» **What needs to be done**: Extract, exactly and without pictures, every line from the one that includes "George Weah Präsidentschaftskandidat" through the final line of the material below.

» **Collected material**:
[Start of Attachment]
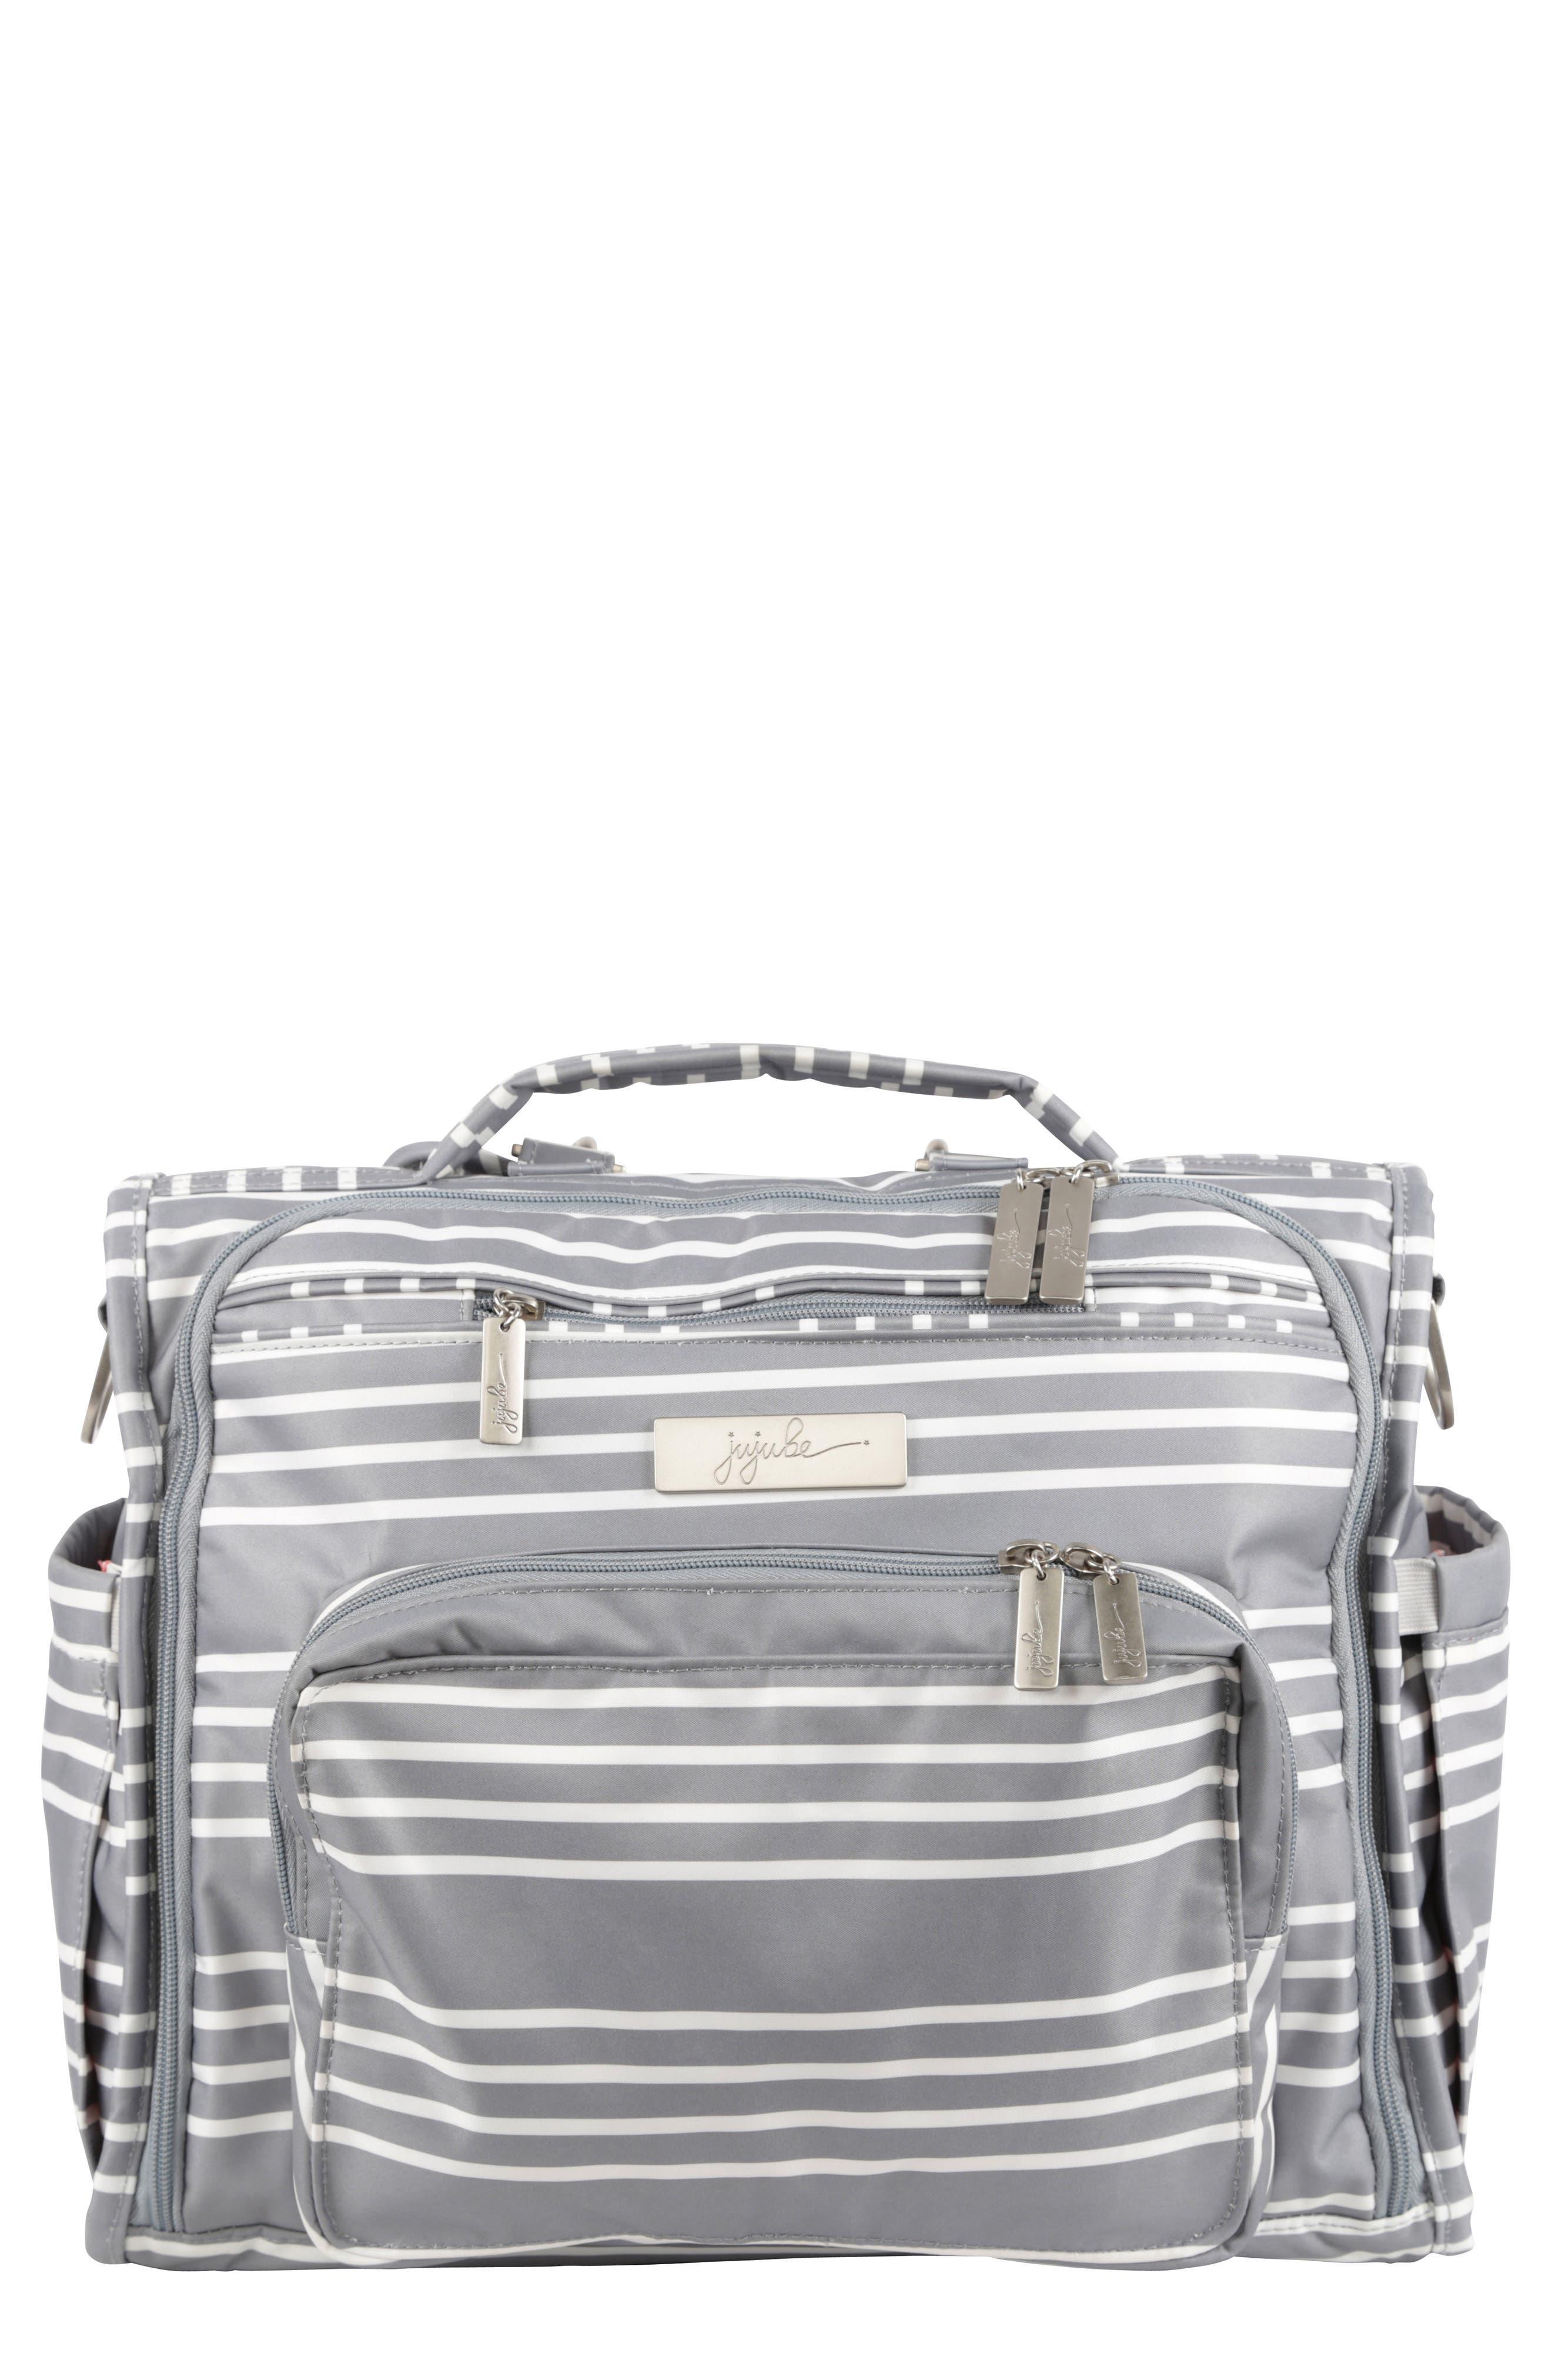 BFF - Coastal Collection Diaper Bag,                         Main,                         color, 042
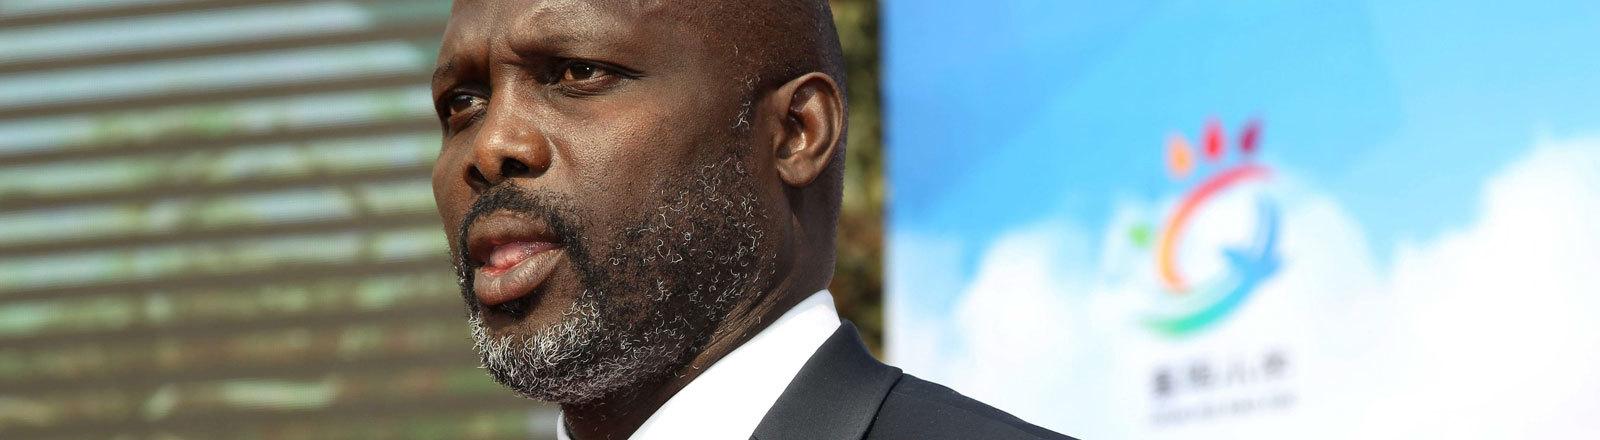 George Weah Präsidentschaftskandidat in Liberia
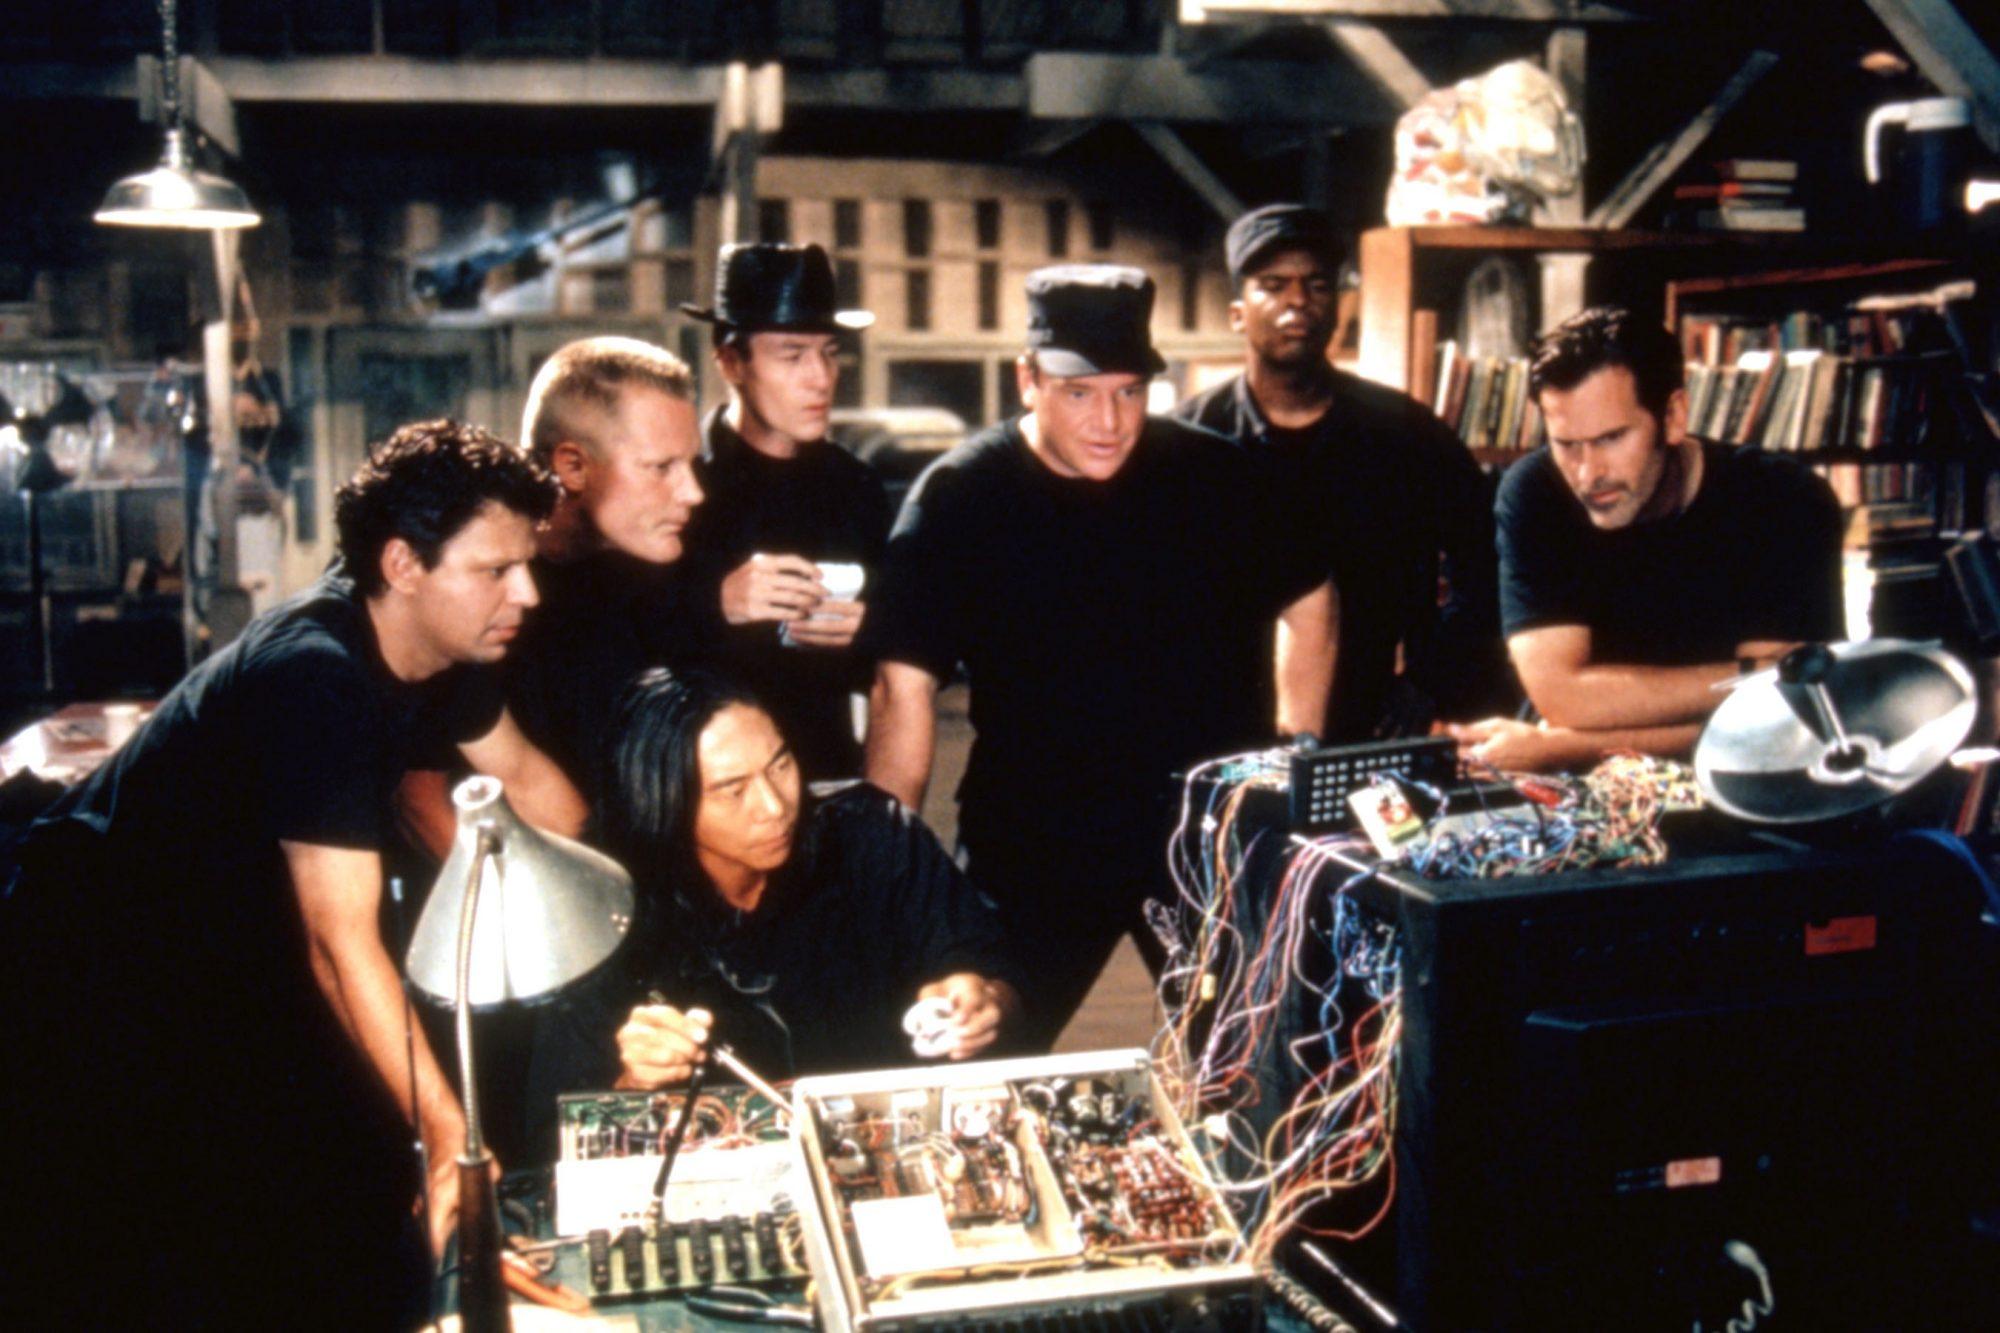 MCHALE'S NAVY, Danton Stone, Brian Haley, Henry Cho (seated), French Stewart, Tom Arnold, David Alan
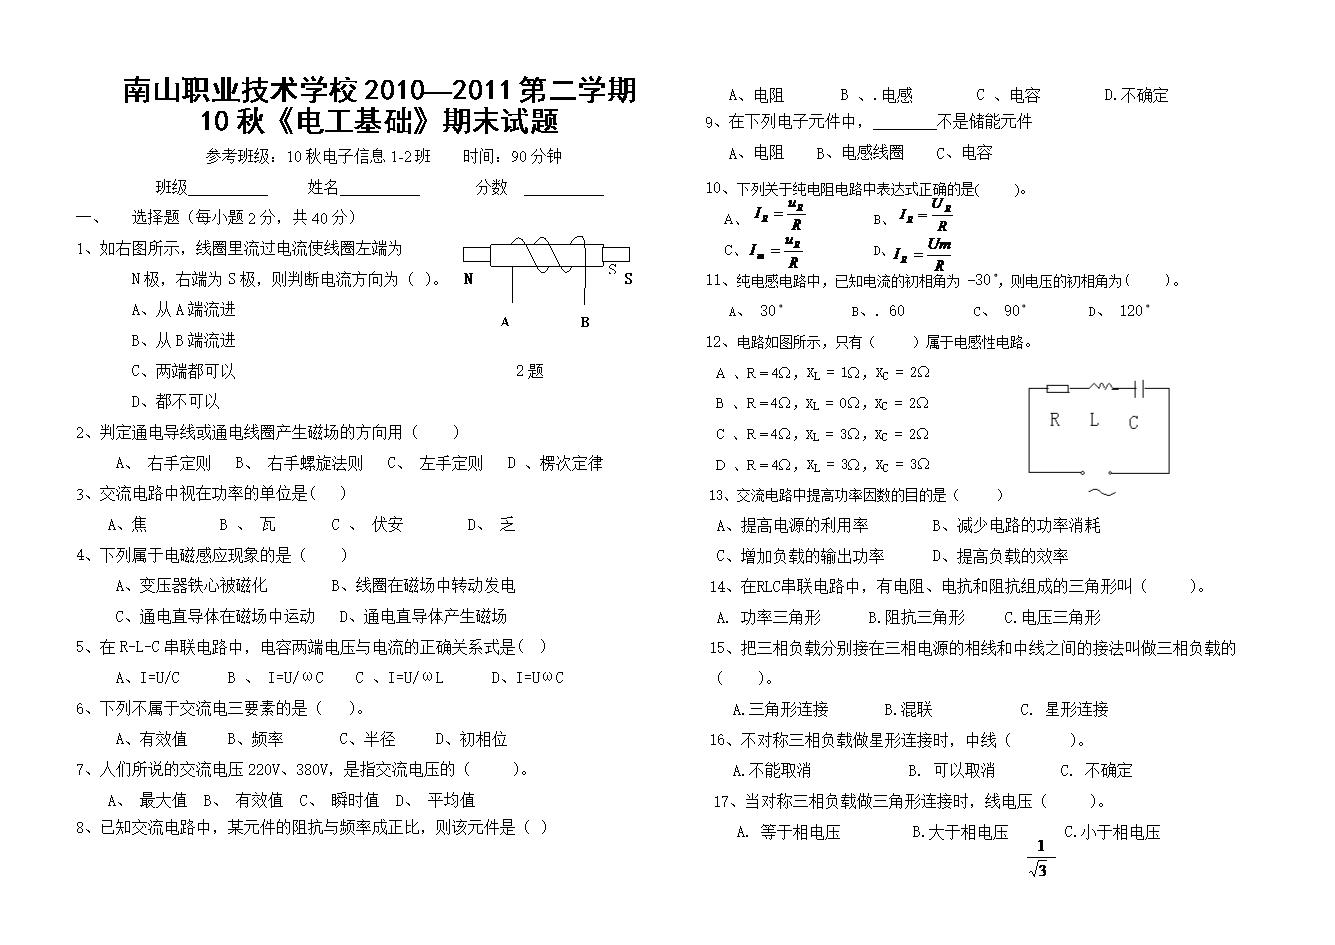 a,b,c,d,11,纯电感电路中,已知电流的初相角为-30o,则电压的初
[End of Attachment]
» **Solution to the exercise**:
 George Weah Präsidentschaftskandidat in Liberia
 MCHALE'S NAVY, Danton Stone, Brian Haley, Henry Cho (seated), French Stewart, Tom Arnold, David Alan
 a,b,c,d,11,纯电感电路中,已知电流的初相角为-30o,则电压的初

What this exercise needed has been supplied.